I wanted to use the pixel clock as a sample clock for the 5105, but that won't work because the pixel clock varies from around 3Mhz to 12Mhz. We went through this with NI engineers, and there are no boards that can take a sample clock that varies so much. Instead, I am using the line clock as a trigger to acquire ~7500 samples, which I then organize into pixels (with a varying number of samples per pixel) in software. I don't expect there to be much clock drift on the order of a single line, so this approach is fine. But, over many lines, there will be drift, so it needs to get synchronized.

 

As for the analog output, there are two ways to look at it. One is to put out one sample per line, and the other is to run it in a much smoother sawtooth. I had been leaning towards the latter. I think if I went with your approach, it might work reasonably well. Although, it would be nice to have the slow scanner step during the turn around of the fast scanner, so that the motion (and settling) is masked out in the samples we discard.
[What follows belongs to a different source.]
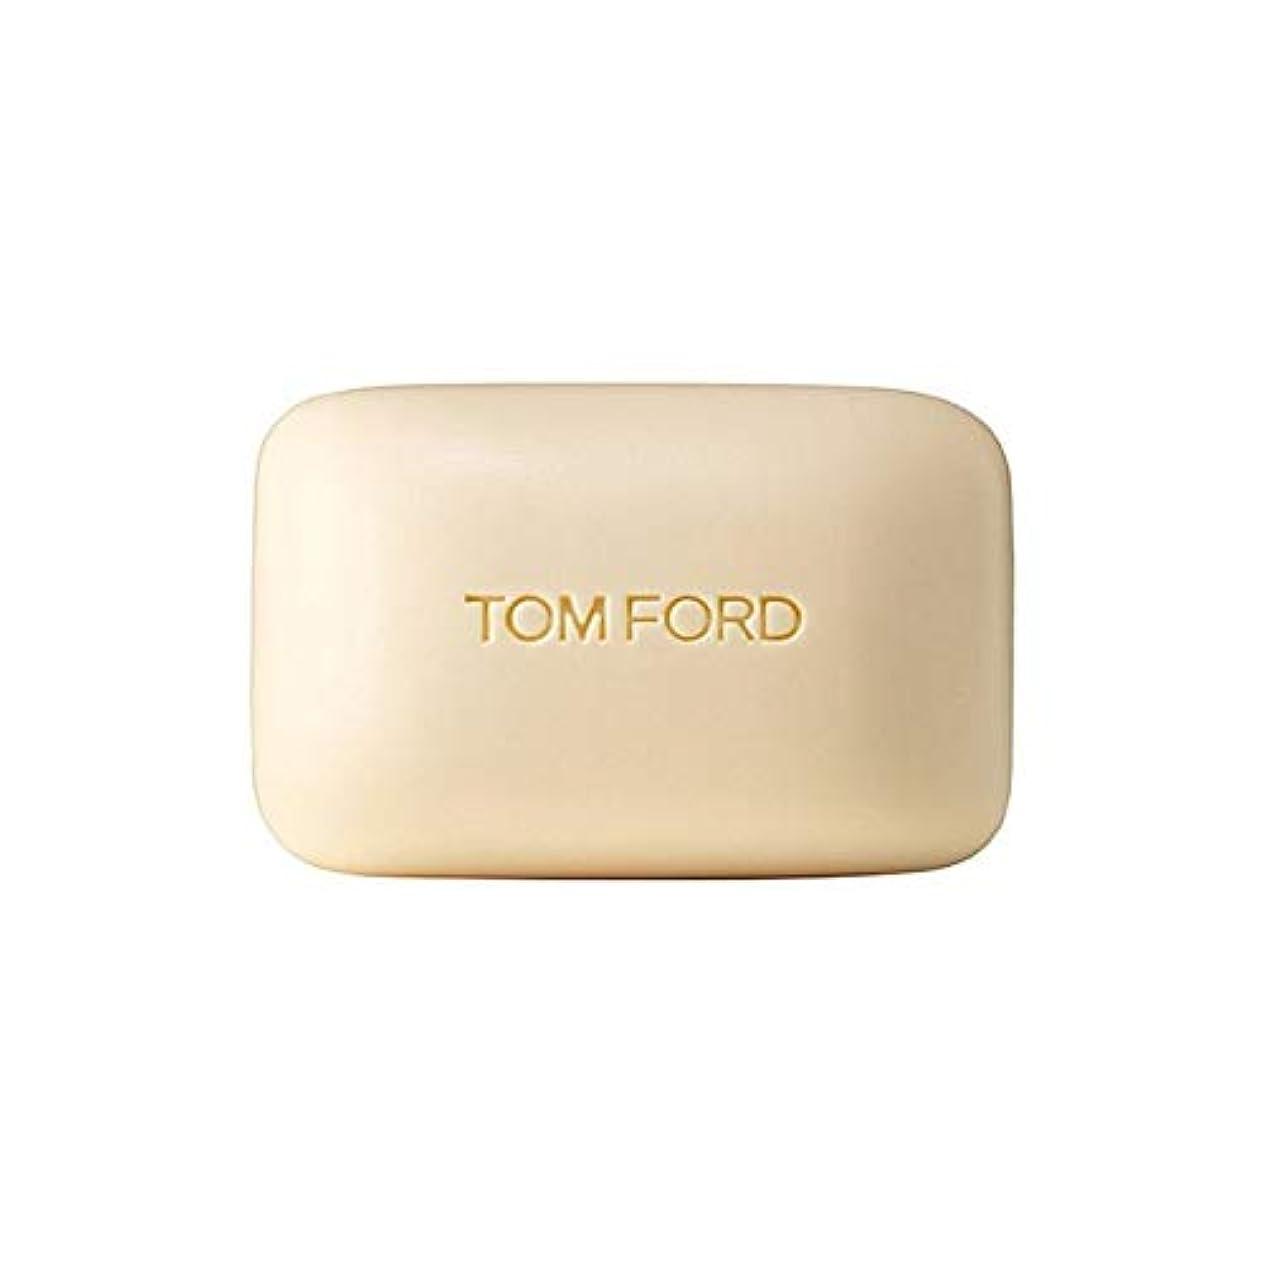 会話給料正しく[Tom Ford] トムフォードジャスミンルージュソープバー150グラム - Tom Ford Jasmin Rouge Soap Bar 150G [並行輸入品]

I might be able to do that with a signal available on the servo.

 

The only sticking point is the 5105 still needing two triggers. I could maybe get around this by putting out another signal from the other board to be used as the trigger for the 5105. I don't know how to do that exactly, because I would only get one sample per line clock, and I would need two samples in order to generate an edge. Could a counter/timer solve this?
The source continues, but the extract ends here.